Hello,
I am wondering how big should be the library for each sample to big enough to detect meaningful differential expression please? Is 15M reads or 25M too small?
I found this paper from 2011 that discuss this matter and it seems that when one is mainly interested in protein coding genes, the depth do not have to be very big: http://genome.cshlp.org/content/21/12/2213.full. But it was written 4 years ago. Is it still true please?
What is your experience please?
Many thanks
Upvoted for asking the question before doing the sequencing rather than afterwards.
Here are two newer papers for your reference (Sims et al., 2014; Williams et al., 2014). Basically, about 30 million reads for each sample may be sufficient for gene-level differentially expression analysis. However, it totally depends on your biological question, experimental design, and data quality. For example, it could be need about 80 million mapped reads to identify low expressed gene (fewer than 10 FPKM) and > 200 million paired-end reads to detect novel, rare transcripts. Please see the more detail discussion in their papers.
Based on my experience (most are chicken gene-level differentially analysis using single-end 50 or 75 n.t. reads), I feel that 20 million reads is accepted, 30 million reads is good enough, and 40 million reads is the maximum what we need. Furthermore, I feel that more biological replicates could be more important than more reads.

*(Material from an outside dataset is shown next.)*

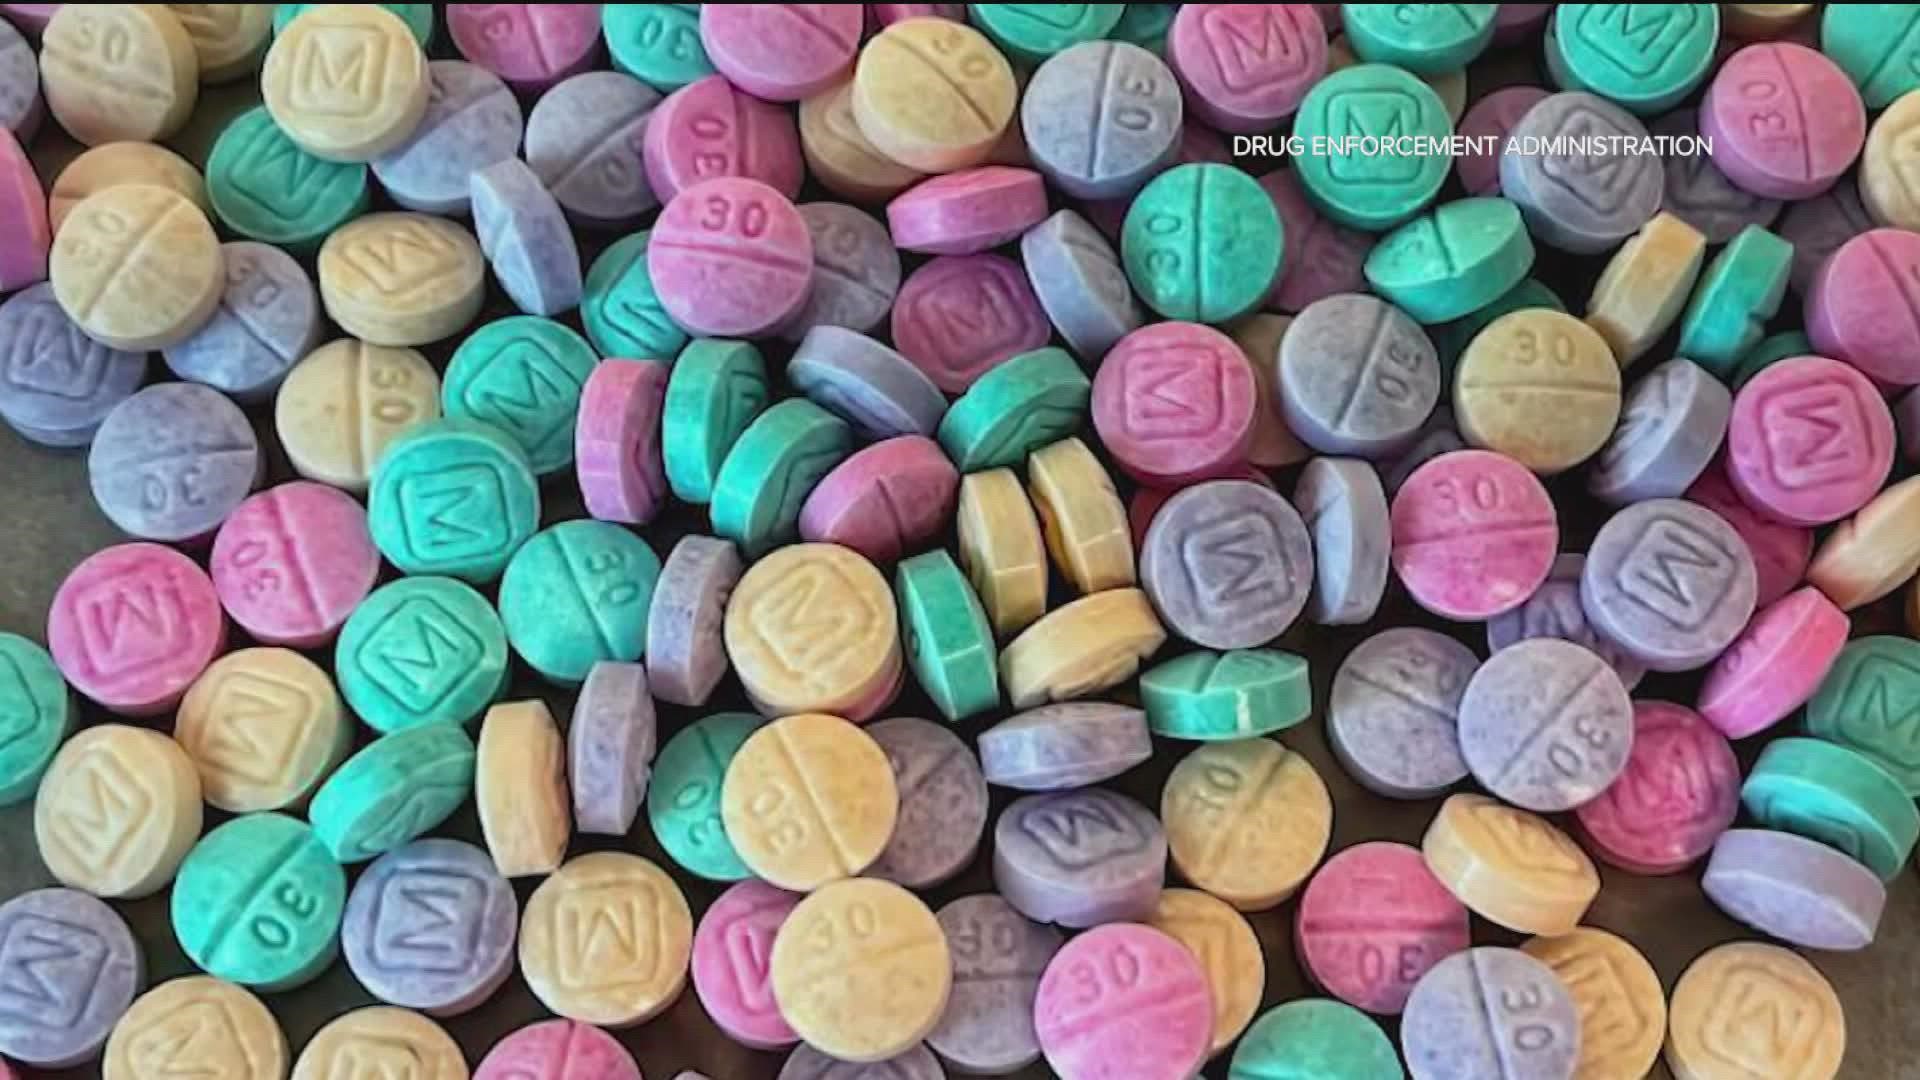 Rainbow fentanyl looks like candy and come in a variety of bright colors, shapes, and sizes and they’re being used to target children and young adults.

Sims et al 2014.,: Sims, D., Sudbery, I., Ilott, N.E., Heger, A. & Ponting, C.P. (2014). Sequencing depth and coverage: key considerations in genomic analyses. Nat. Rev. Genet. 15, 121-132.
Williams et al., 2014: Williams, A.G., Thomas, S., Wyman, S.K. & Holloway, A.K. (2014). RNA-seq data: Challenges in and recommendations for experimental design and analysis. Curr Protoc Hum Genet 83, 11 13 11-11 13 20.
Hello,
May I ask a stupid question please? I would like to double check. When someone talk about the "size of the library", does he means the number of forward reads PLUS the number of reverse reads? Or does he mean the number of templates (i.e. == Number of forward reads) please?
Usually when I've heard people say "size of the library" they are referring to the number of unique molecules that went into the sequencing library.
So if you had two pieces of RNA that you were sequencing, you could PCR the hell out of them and then get 1 million paired end reads. So you would have 1 million reads and 2 million read fragments and ~2 million lines in your bam file, but your library size would still be just 2 with a duplication rate just under 100%.
In our lab we generally do 65-70 million paired end reads (100bp, human genome) and so far we are happy about the coverage and data (mainly for quantification and splicing events). For known protein coding genes (eg ensemble gtf) this is good enough. But as suggested above, if you are against novel transcripts its better to do ultra deep.